══ DATASET EXTRACT

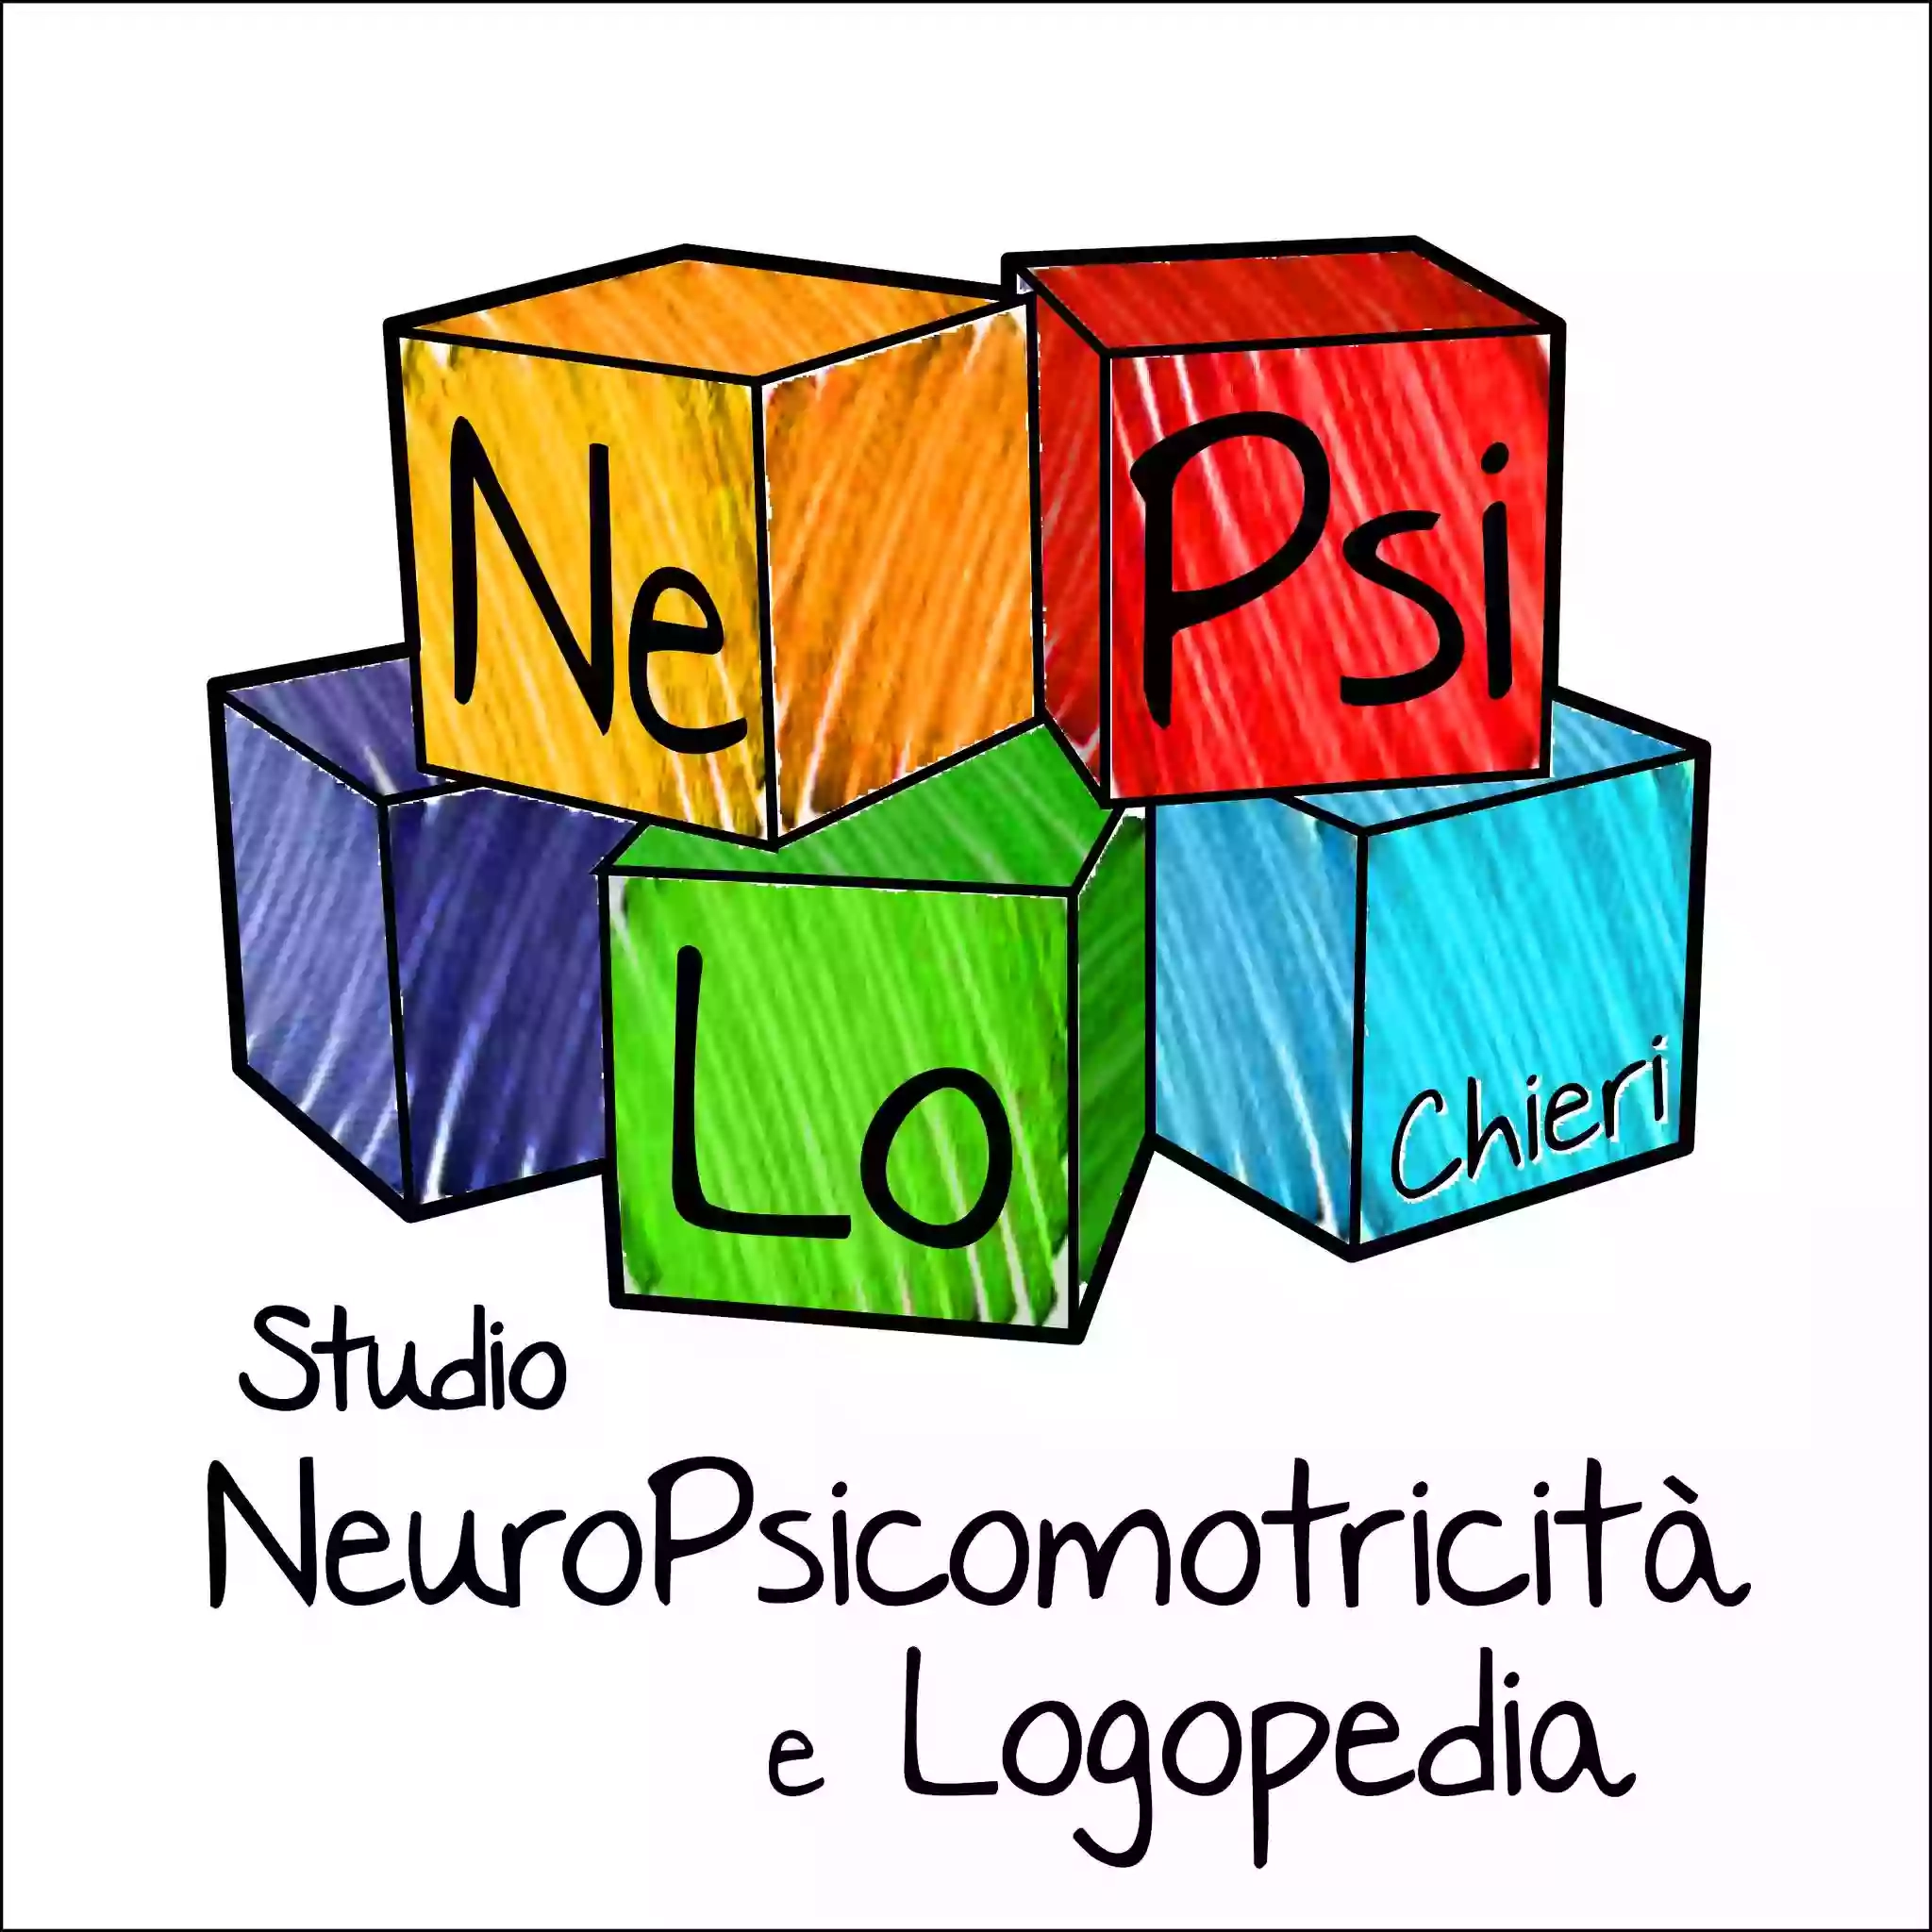 NePsiLo Studio di Neuropsicomotricità, Psicologia e Logopedia
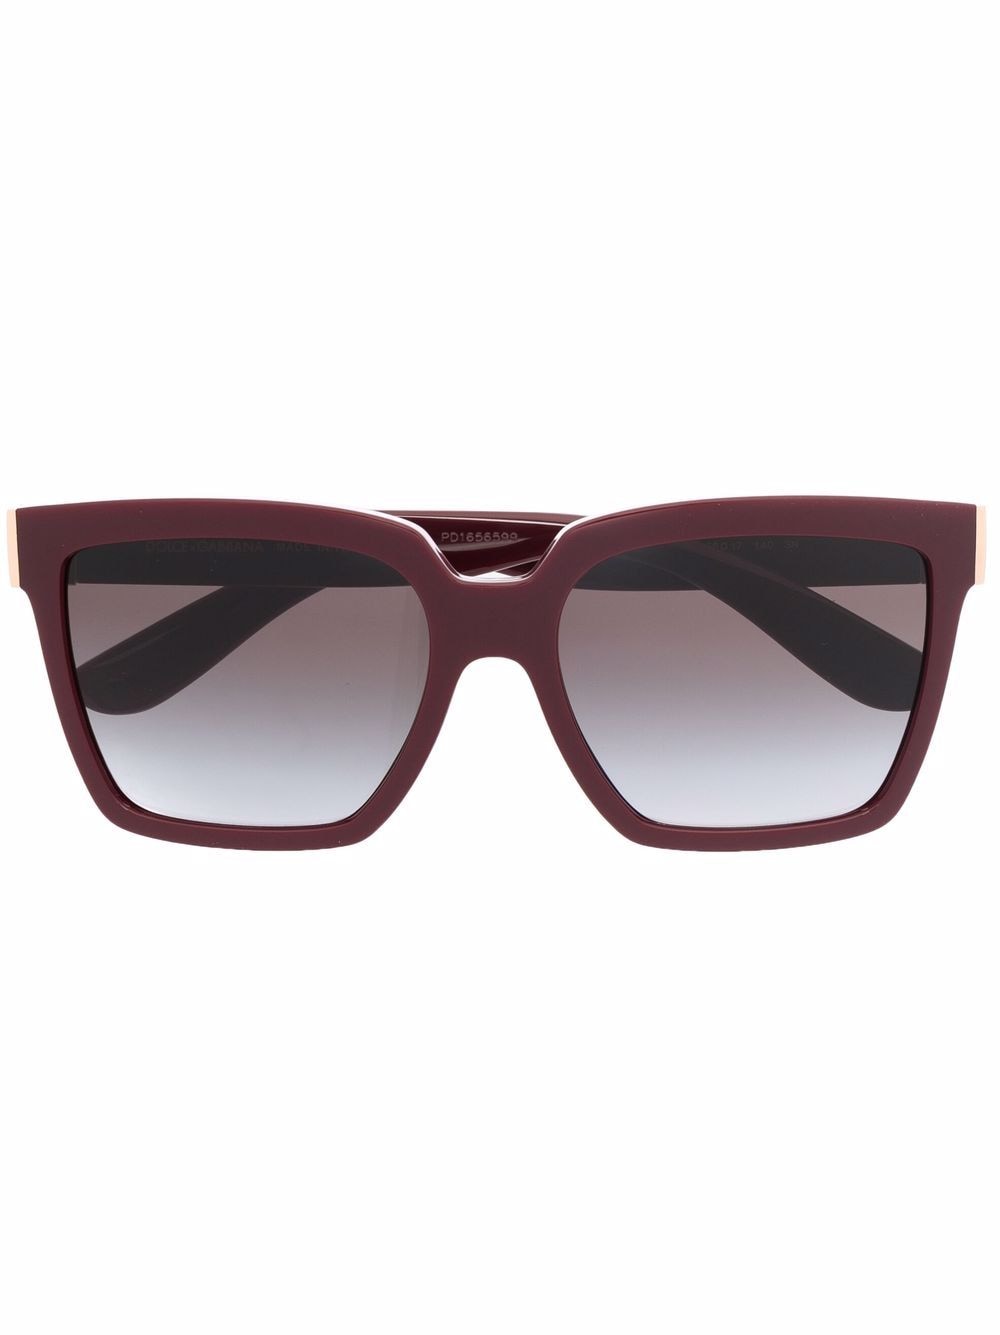 фото Dolce & gabbana eyewear солнцезащитные очки в массивной оправе
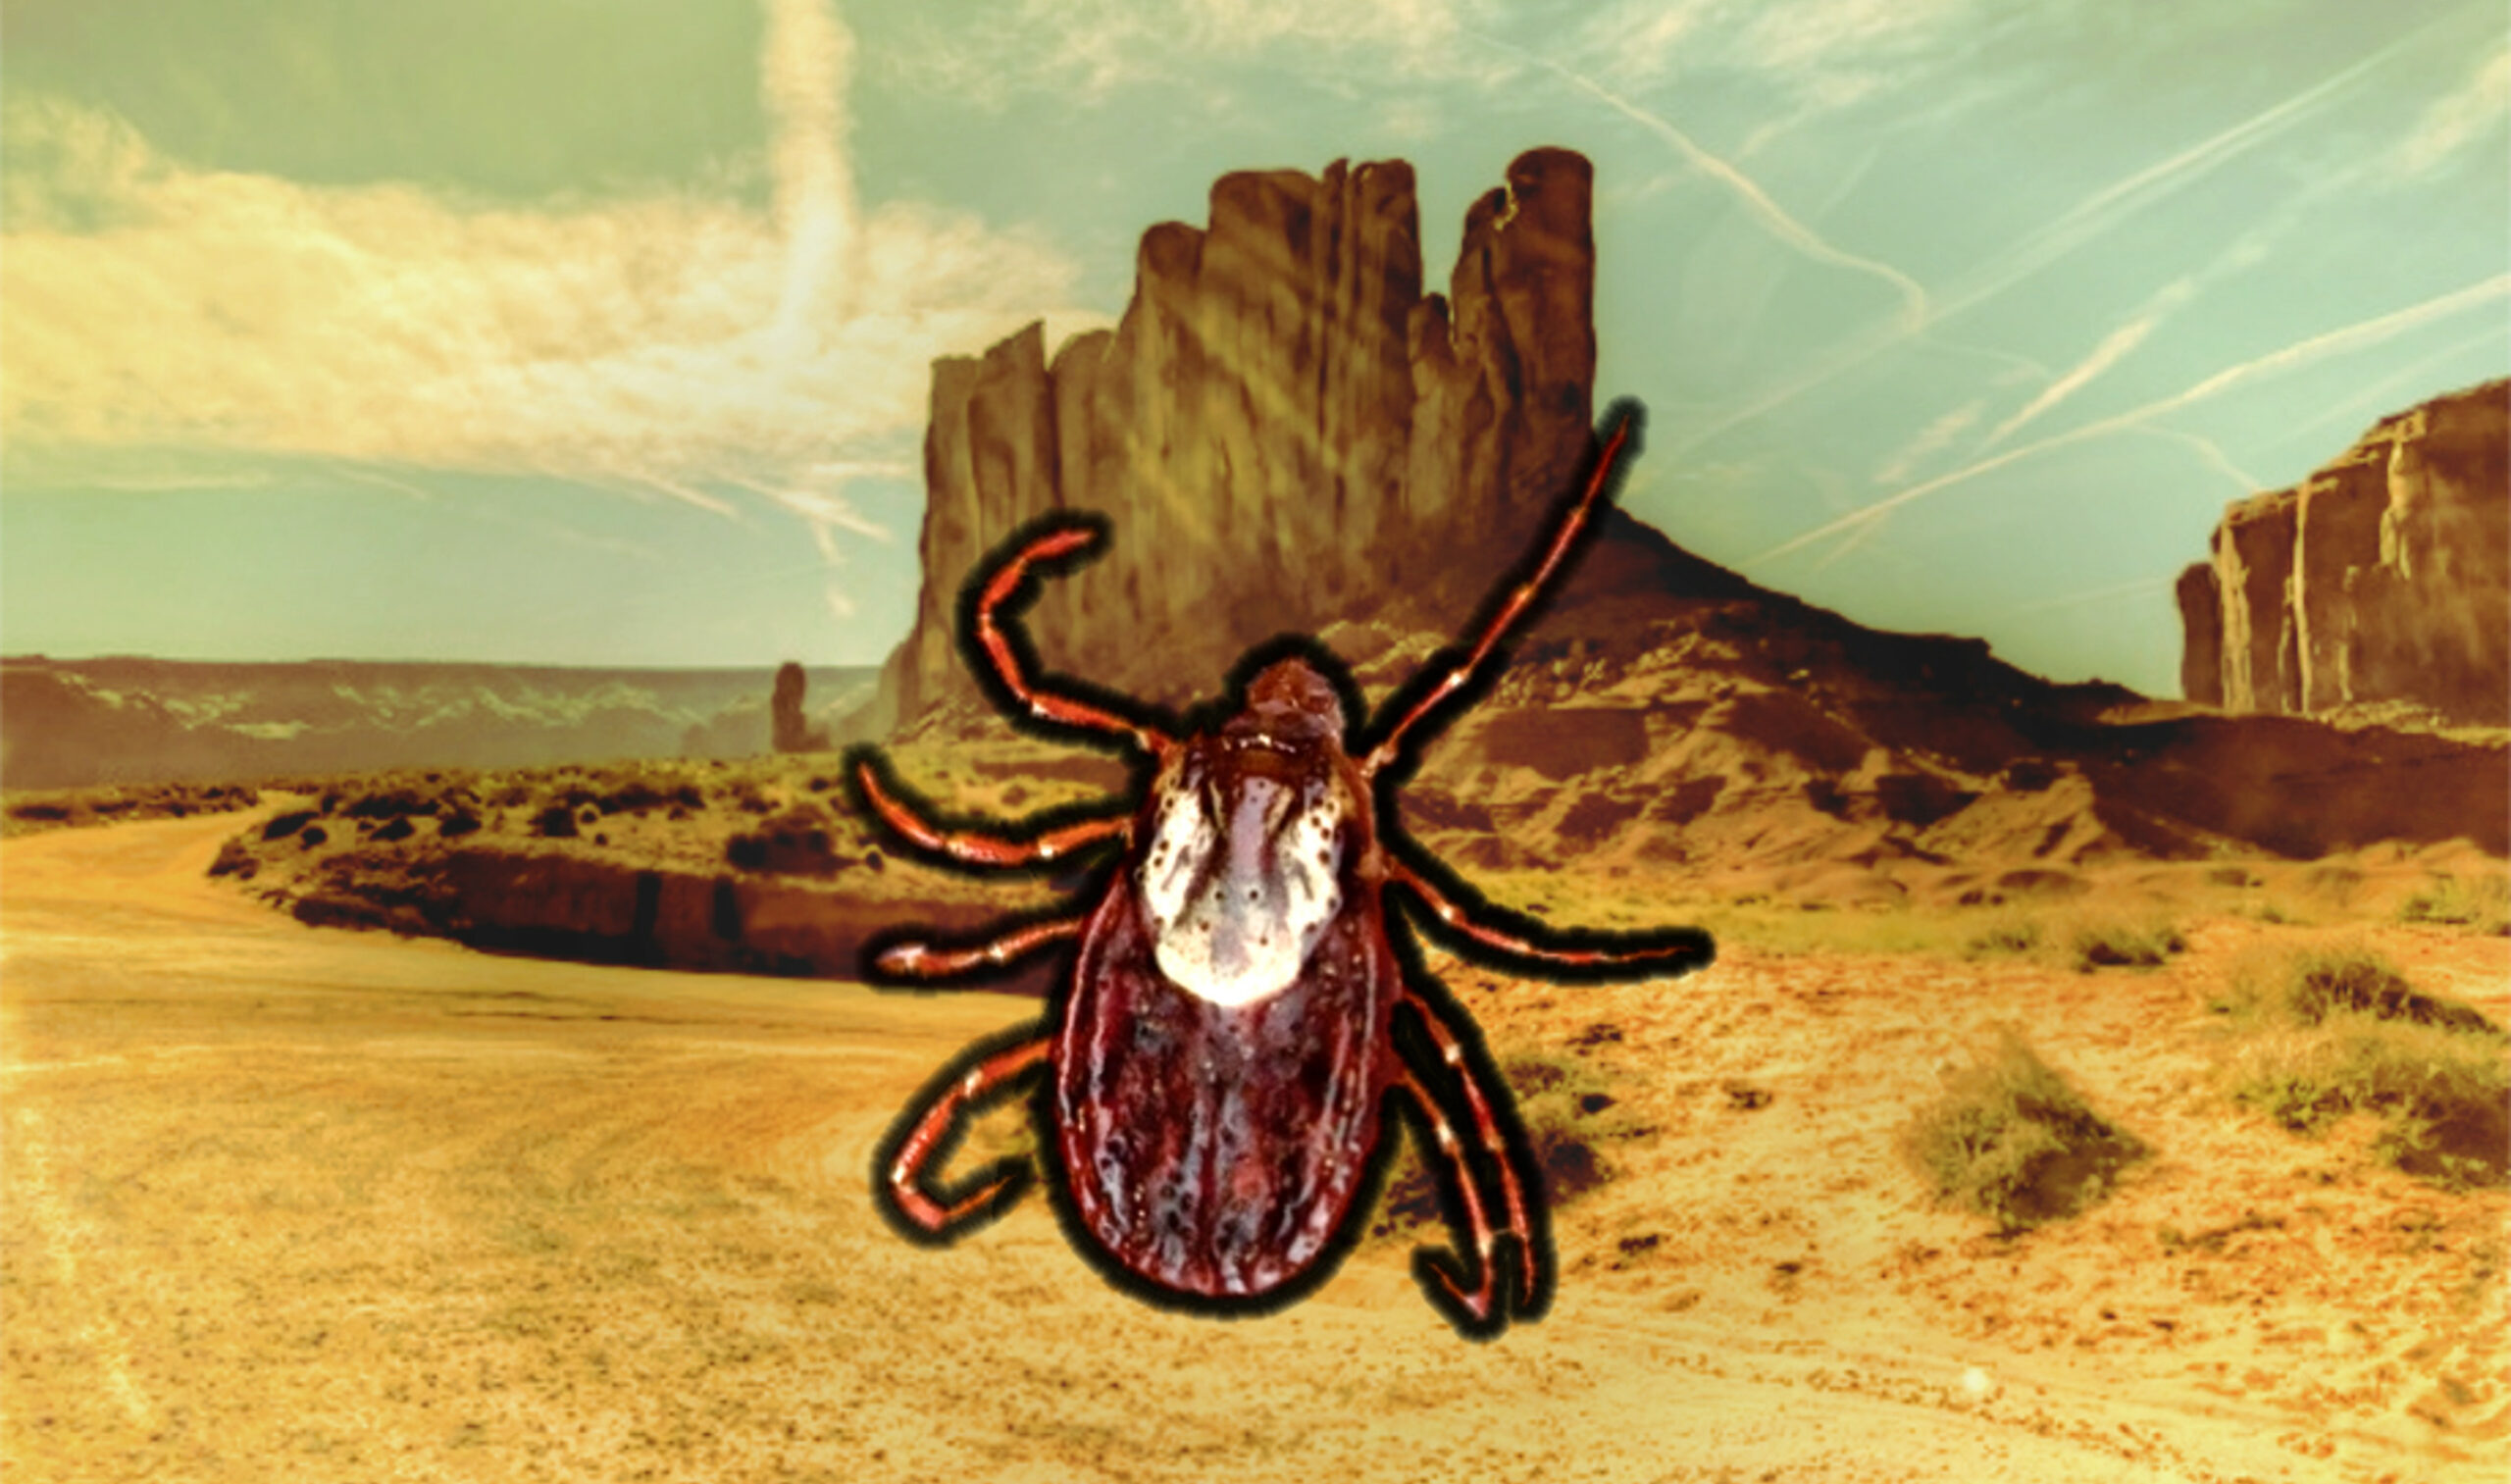 Ticks in the desert

════

### TASK TO COMPLETE
Skip all pictures. Write out only the lines from the one containing "фото Dolce &" to the end of the listing above, inclusive, exactly as given.

### RESPONSE BOX
 фото Dolce & gabbana eyewear солнцезащитные очки в массивной оправе
 Ticks in the desert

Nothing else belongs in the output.